To determine the current state of bio-based 3D printable materials, available bio-based thermoplastics were cross-examined with currently 3D printable thermoplastics. The figure below shows this landscape as a function of glass transition temperature and a representative mechanical property. The development stage for various bio-based thermoplastics is identified by color, with commercially available 3D printable biopolymers in green, biopolymers that have been successfully printed in a noncommercial setting in yellow, and those still in development for traditional manufacturing in red. Based on thermal and mechanical properties, these polymers are also categorized as commodity, engineering, or performance thermoplastics with increasing circle diameter. Gray-colored materials are standard commodity, engineering, and performance-grade polymers (not biopolymers) for reference.
While currently available biopolymers demonstrate reasonable mechanical qualities in terms of both tensile strength and elastic modulus, their stable temperature range is limited and few biopolymers available today have moderately high operating temperatures. Developing bioplastics with enhanced thermal stability would greatly broaden the applications in which 3D printed bioplastics can be used, such as customizable consumer goods and automotive interior parts, and could lead to market growth for these materials.

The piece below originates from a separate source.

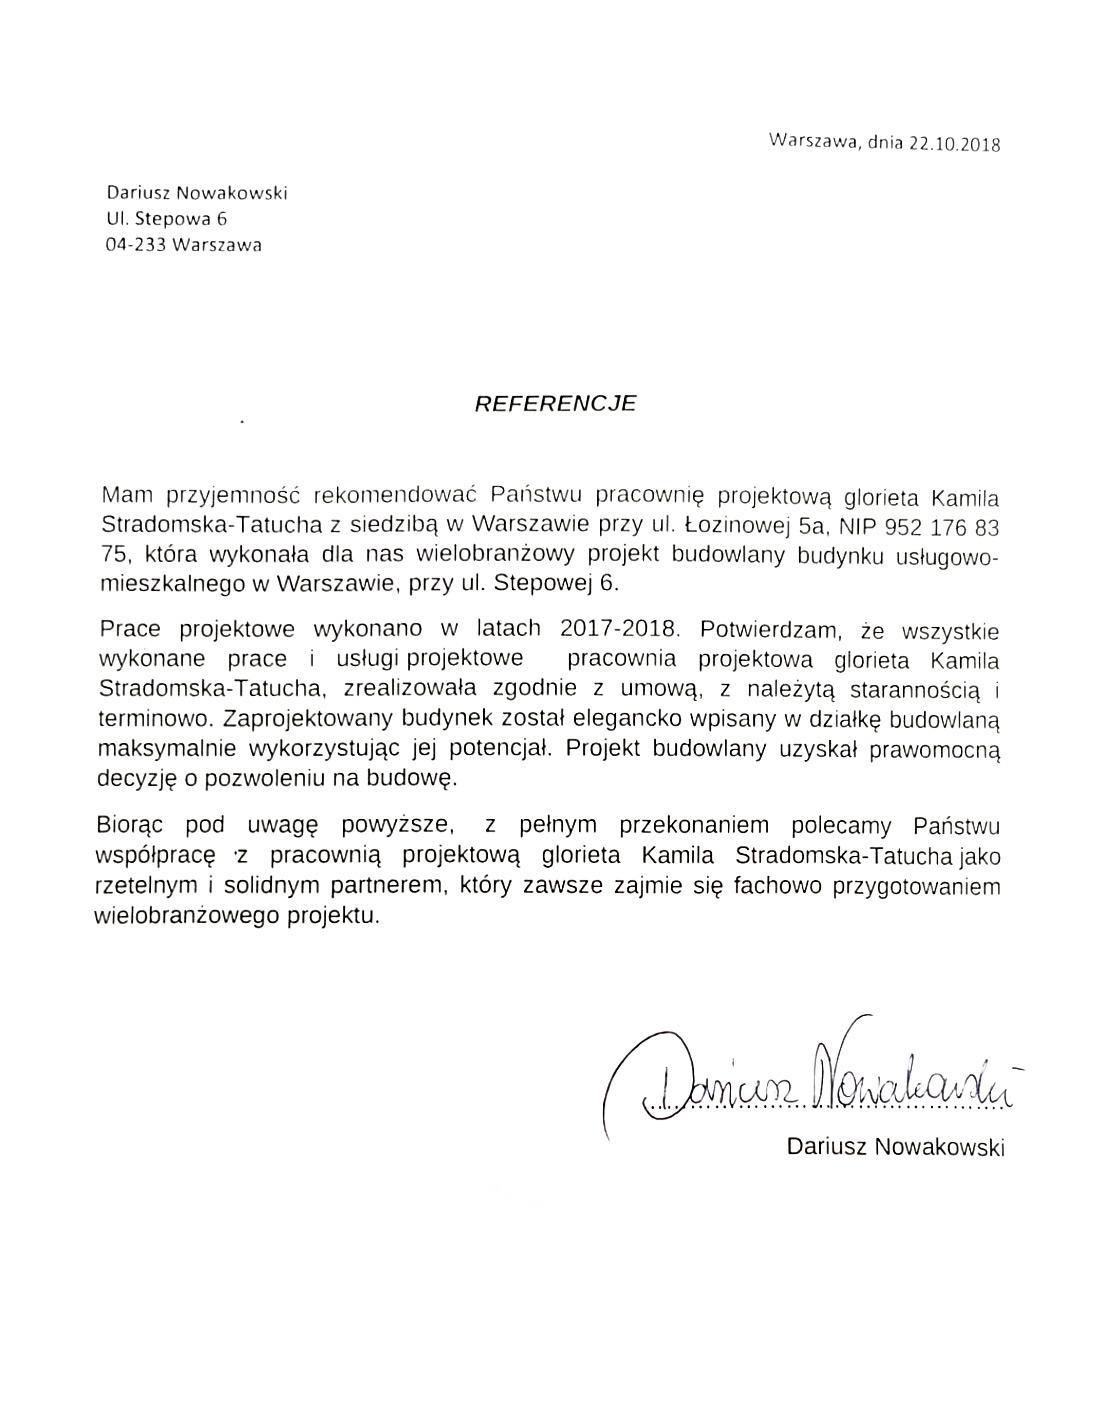 Referencje_Warszawa-2

For applications in which mechanical performance is important, polyethylene furanoate (PEF) shows the most promise for its chemical similarity to the commonly printed polyethylene terephthalate (PET) and its enhanced thermal and mechanical properties over current biopolymers. For applications in which temperature stability is the key metric, Mitsubishi Chemical Company’s Durabio polycarbonate (PC) stands out as a suitable starting point among bio-based engineering thermoplastics.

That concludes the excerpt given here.